■ **Dataset records**
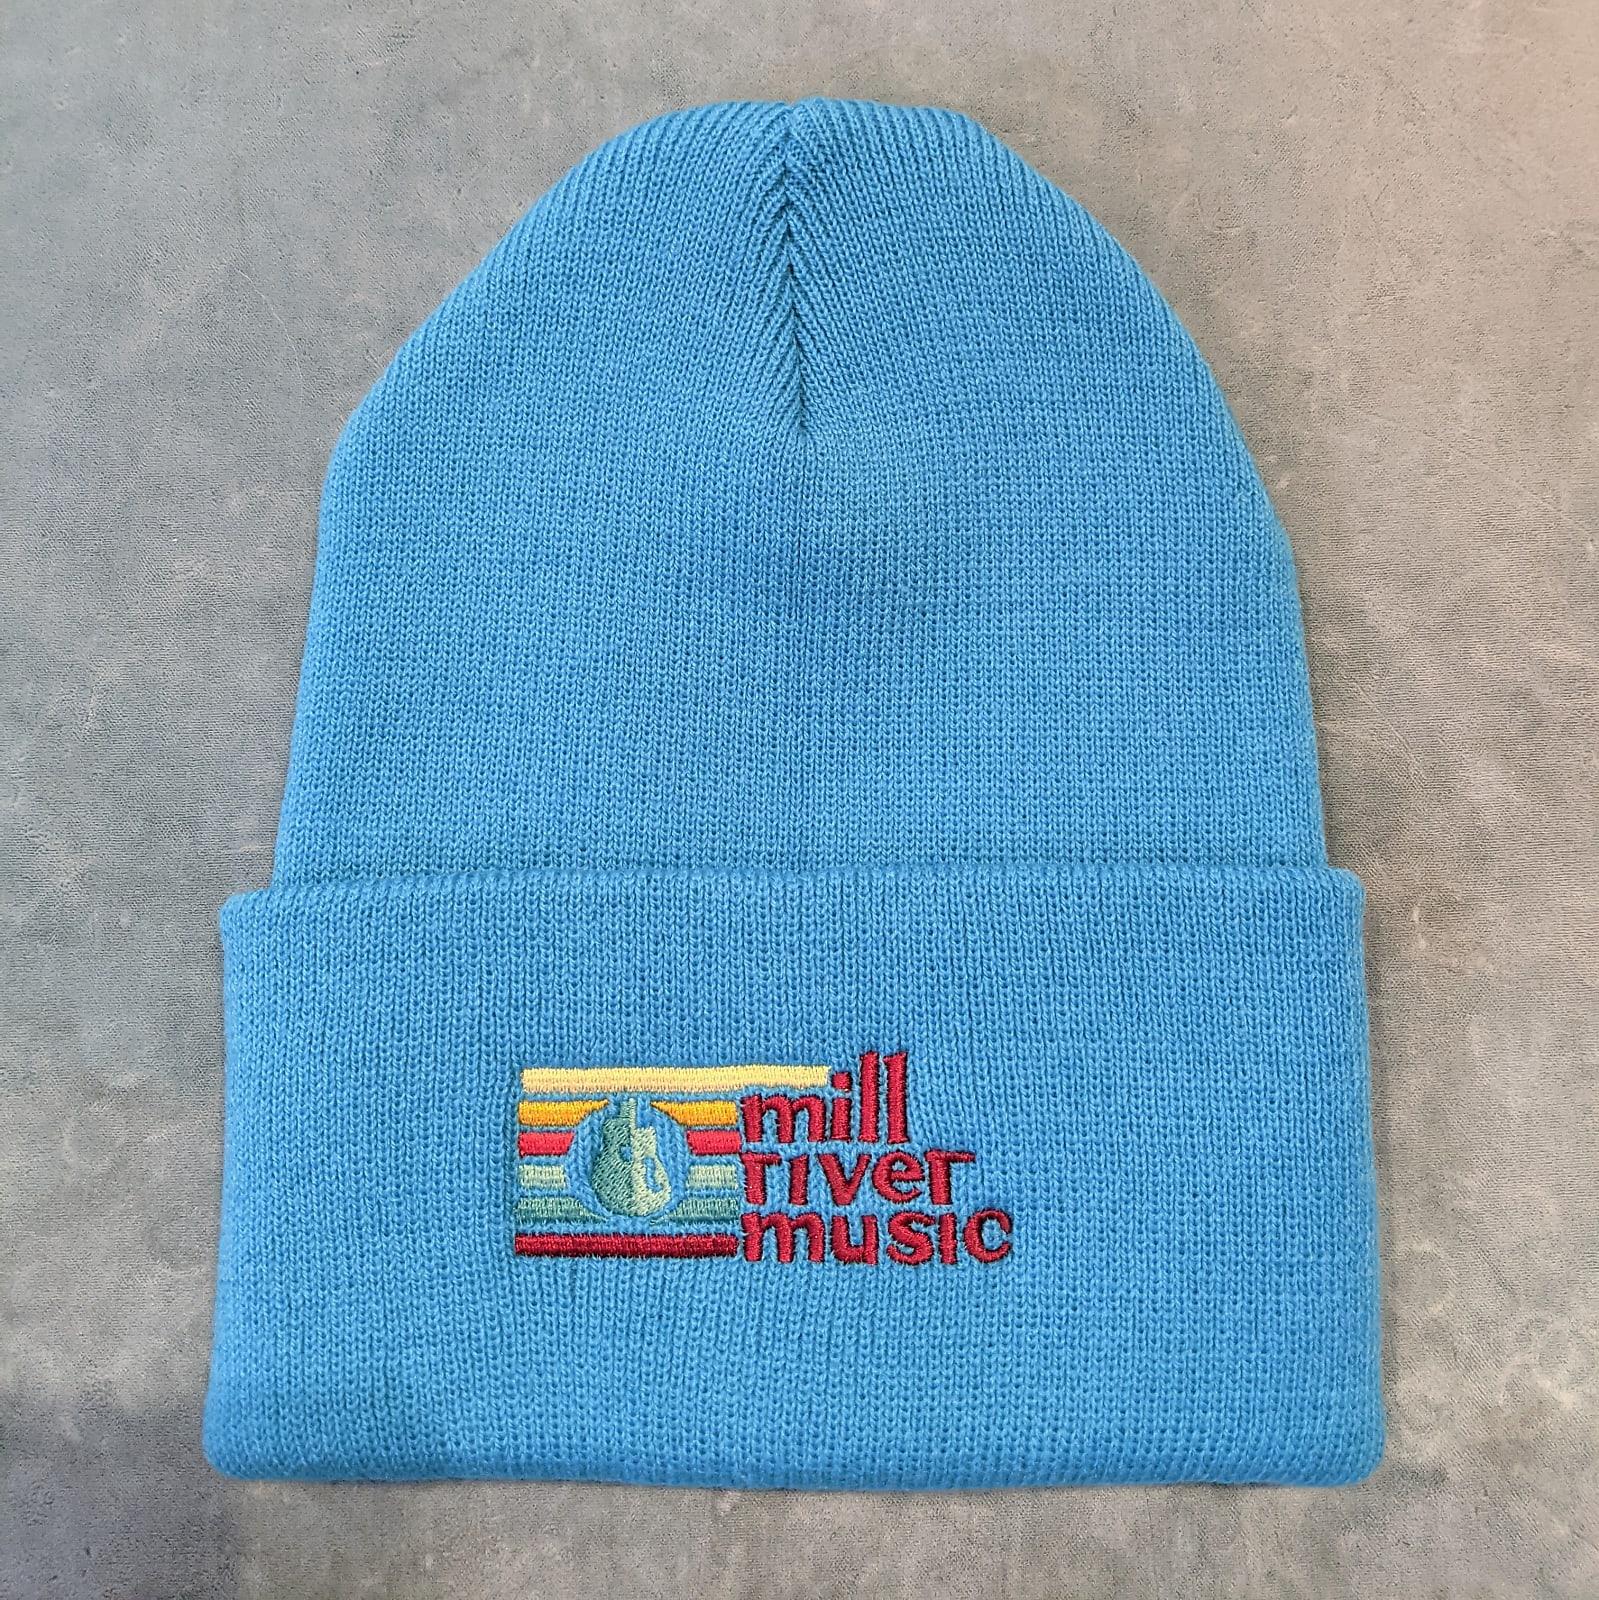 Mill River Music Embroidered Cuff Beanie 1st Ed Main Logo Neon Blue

--

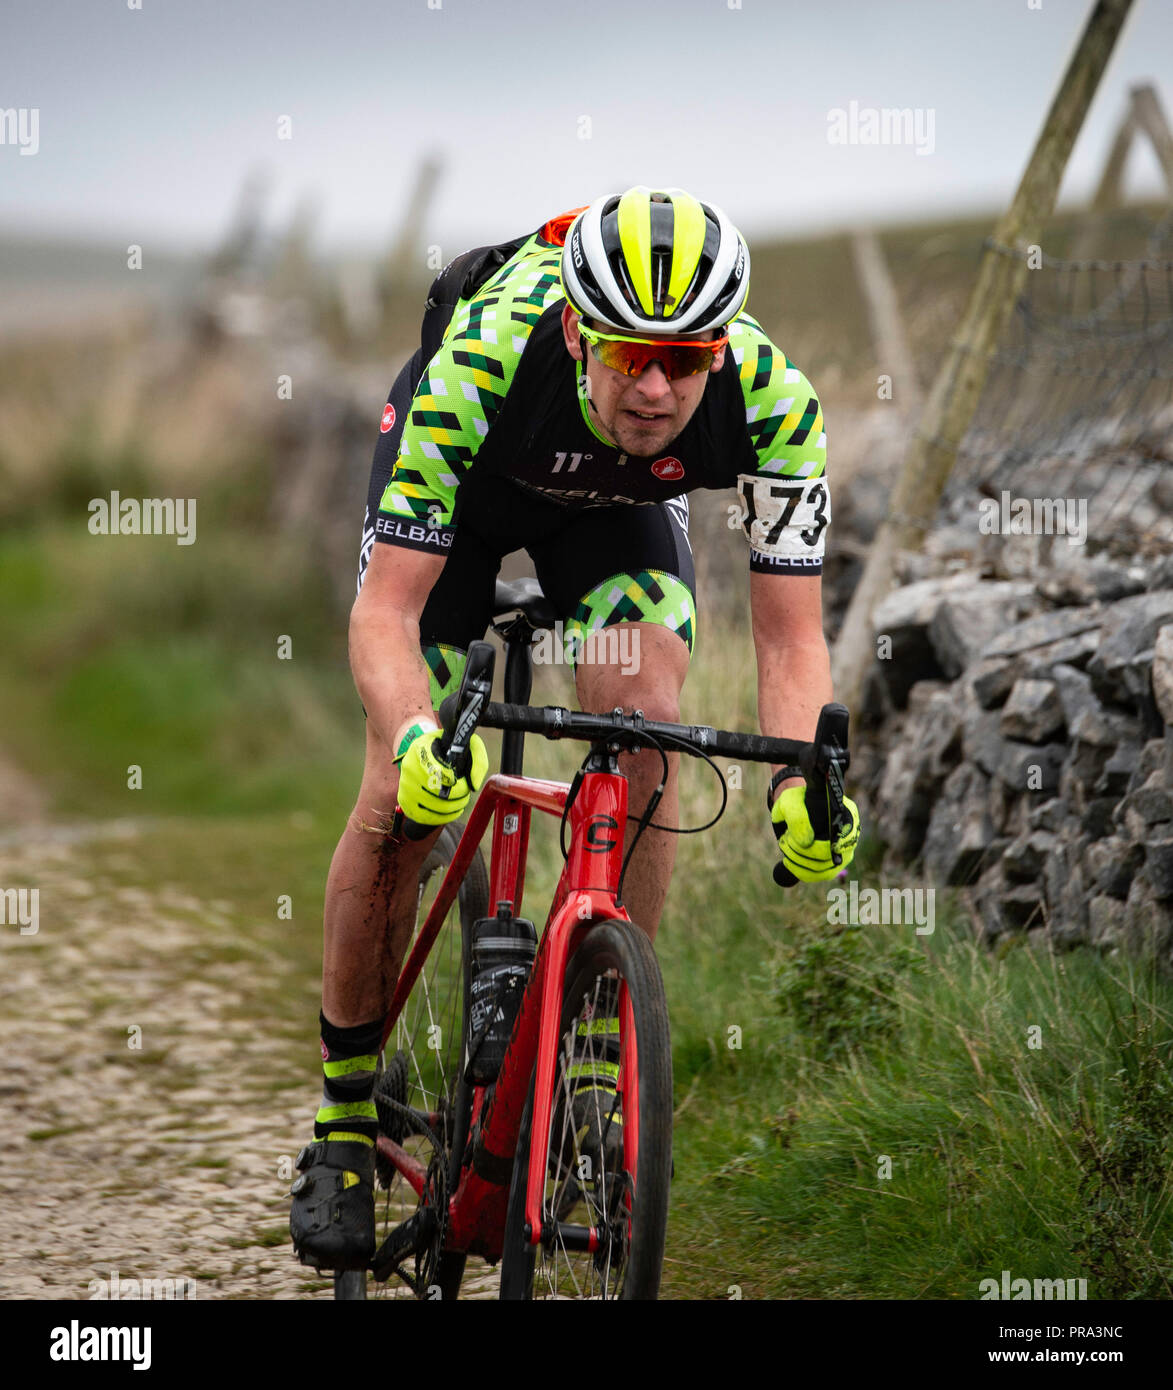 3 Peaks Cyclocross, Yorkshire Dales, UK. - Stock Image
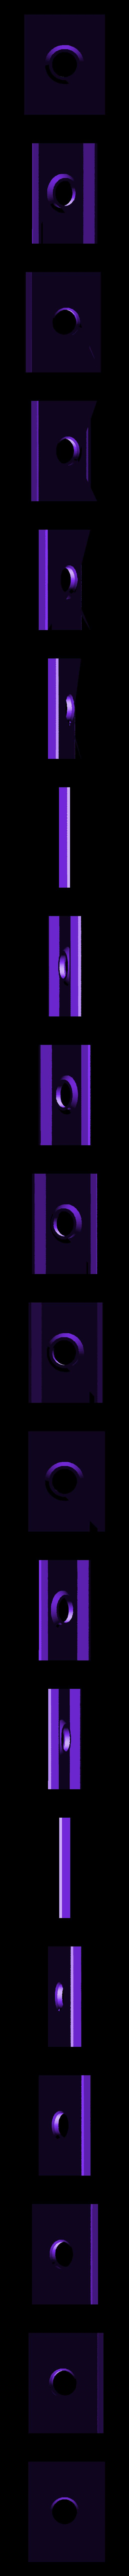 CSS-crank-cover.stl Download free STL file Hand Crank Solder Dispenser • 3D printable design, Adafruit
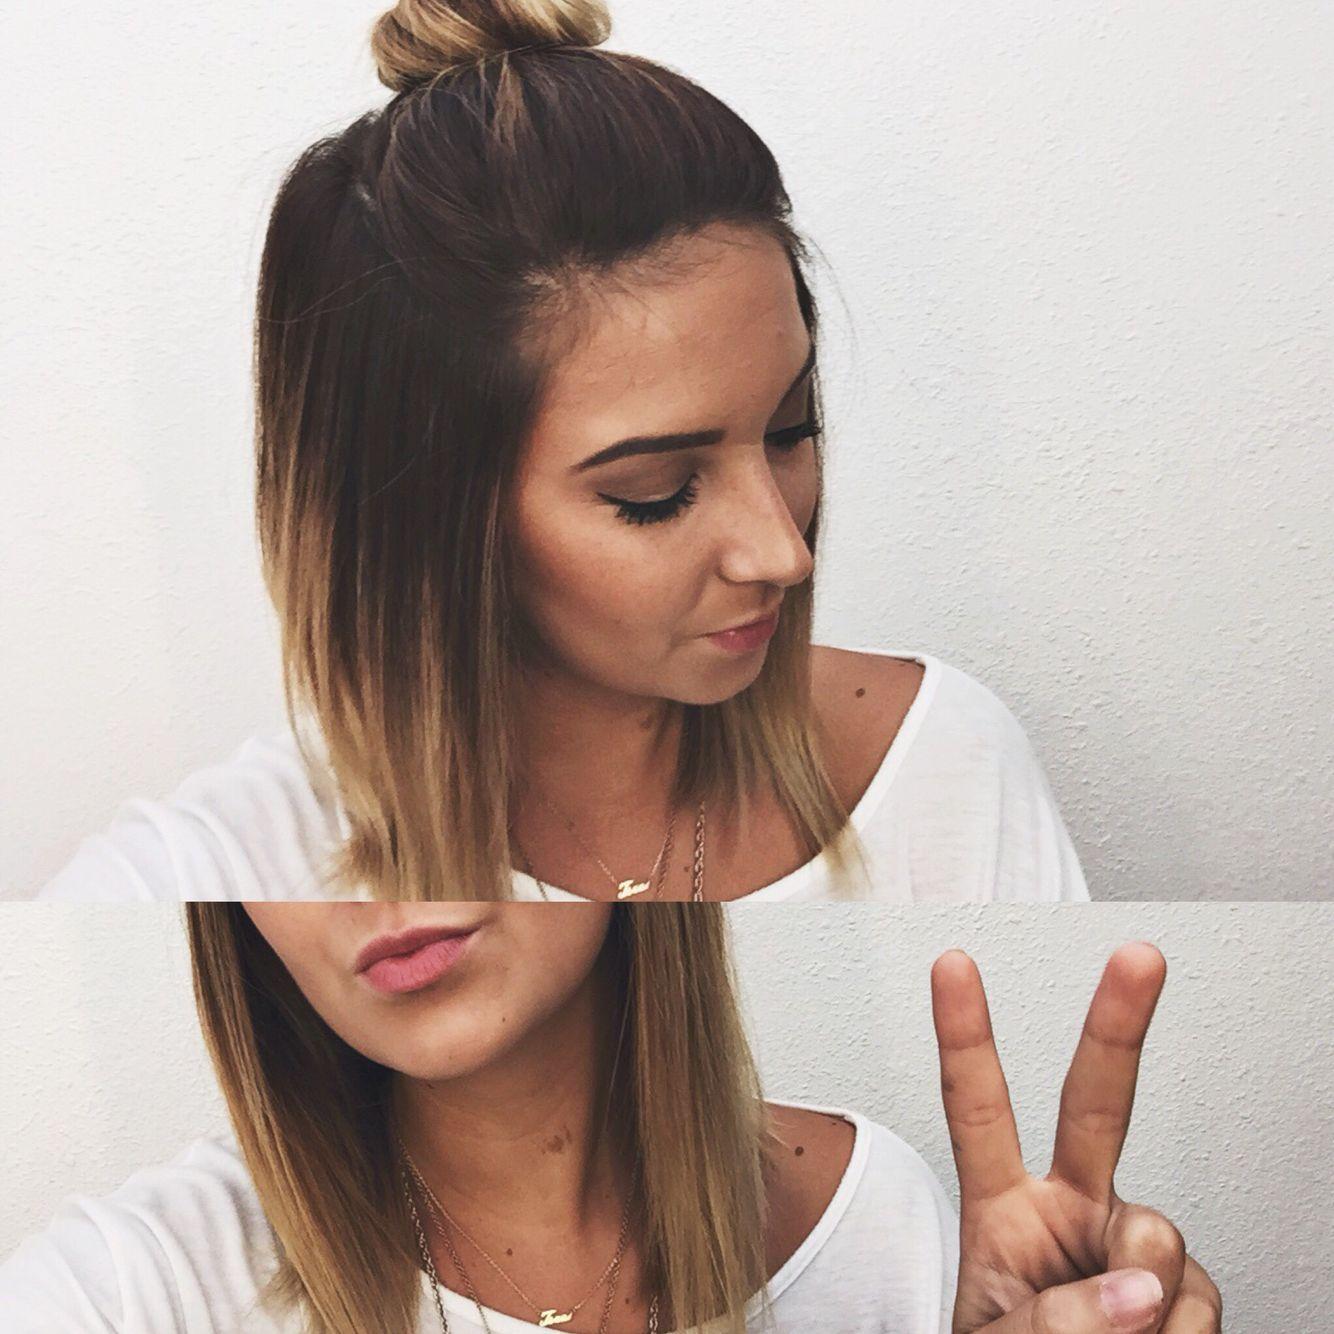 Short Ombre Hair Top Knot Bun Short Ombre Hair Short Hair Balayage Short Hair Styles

■ **Required work**
With the pictures omitted, restate word for word the lines above from the line that has "CSS-crank-cover.stl Download free" up to and including the line that has "Short Ombre Hair Top", and no other lines.

■ **Answer to the exercise**
 CSS-crank-cover.stl Download free STL file Hand Crank Solder Dispenser • 3D printable design, Adafruit
 Short Ombre Hair Top Knot Bun Short Ombre Hair Short Hair Balayage Short Hair Styles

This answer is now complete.